Start a local cluster:

version: "3.3"

services:
  zookeeper:
    image: confluentinc/cp-zookeeper:latest
    environment:
      ZOOKEEPER_CLIENT_PORT: 2181
      ZOOKEEPER_TICK_TIME: 2000
    ports:
      - 2181:2181

  kafka:
    image: confluentinc/cp-kafka:latest
    depends_on:
      - zookeeper
    ports:
      - 29092:29092
      - 9092:9092
    environment:
      KAFKA_BROKER_ID: 1
      KAFKA_ZOOKEEPER_CONNECT: zookeeper:2181
      KAFKA_ADVERTISED_LISTENERS: PLAINTEXT://kafka:9092,PLAINTEXT_HOST://localhost:29092
      KAFKA_LISTENER_SECURITY_PROTOCOL_MAP: PLAINTEXT:PLAINTEXT,PLAINTEXT_HOST:PLAINTEXT
      KAFKA_INTER_BROKER_LISTENER_NAME: PLAINTEXT
      KAFKA_OFFSETS_TOPIC_REPLICATION_FACTOR: 1
docker-compose up
BROKER=127.0.0.1
TOPIC=test_lolololool
GROUP=$TOPIC
BOOTSTRAP=127.0.0.1:29092

Concepts

Messages

The unit of data within Kafka is called a message.

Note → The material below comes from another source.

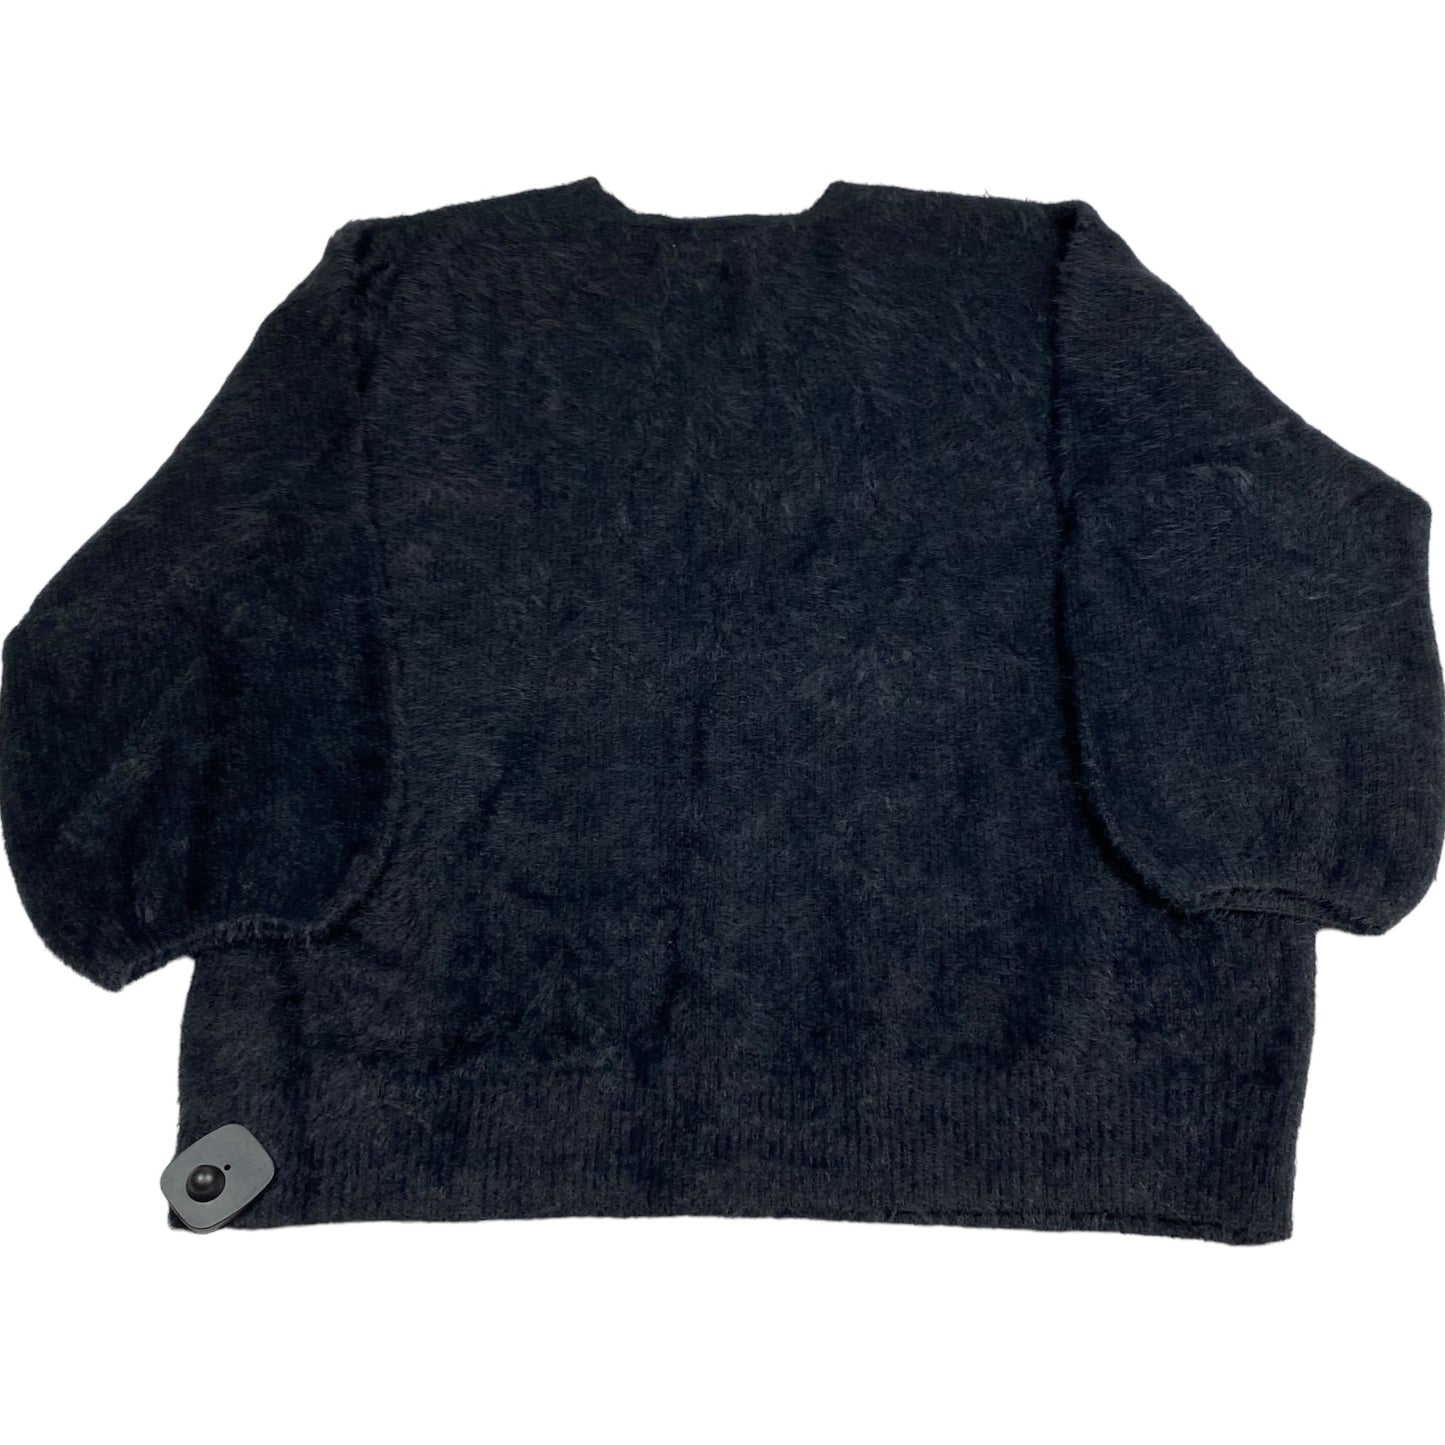 Sweater By Ava & Viv  Size: 2x

A message can have an optional piece of metadata, which is referred to as a key. Both messages and keys are treated as byte arrays inside kafka.

Keys are used when messages are to be written to partitions in a more controlled manner. The simplest such scheme is to generate a consistent hash of the key and then select the partition number for that message by taking the result of the hash modulo the total number of partitions in the topic.

Schemas

Kafka supports various serialization formats including JSON, XML, and Avro. By using well-defined schemas and storing them in a common repository, the messages in Kafka can be understood without coordination.

Topics

Messages in Kafka are categorized into topics. The closest analogies for a topic are a database table or a folder in a filesystem. Topics are additionally broken down into a number of partitions. Messages are written to a partition an append-only fashion and are read in order from beginning to end. Note that as a topic typically has multiple partitions, there is no guarantee of message ordering across the entire topic, just within a single partition.

topic

# Create a new topic
./kafka-topics.sh --create --topic $TOPIC --partitions 1 --replication-factor 1 --bootstrap-server $BOOTSTRAP
# See all topics
./kafka-topics.sh --bootstrap-server $BOOTSTRAP --list

Producer

Producers create new messages. A message will be produced to a specific topic. By default, the producer will balance messages over all partitions of a topic evenly. In some cases, the producer will direct messages to specific partitions. This is typically done using the message key and a partitioner that will generate a hash of the key and map it to a specific partition. This ensures that all messages produced with a given key will get written to the same partition. The producer could also use a custom partitioner that follows other business rules for mapping messages to partitions.

producer

#!/usr/bin/env python3
# -*- coding: utf-8 -*-

from kafka import KafkaProducer
import json
import time
import argparse
import uuid
import random

parser = argparse.ArgumentParser(description='Kafka producer test')
parser.add_argument('-topic', type=str, help='Name of the topic', required=True)
parser.add_argument('-kafka_host', type=str, help='Kafka host', required=True)
parser.add_argument('-kafka_port', type=str, help='Kafka port', required=True)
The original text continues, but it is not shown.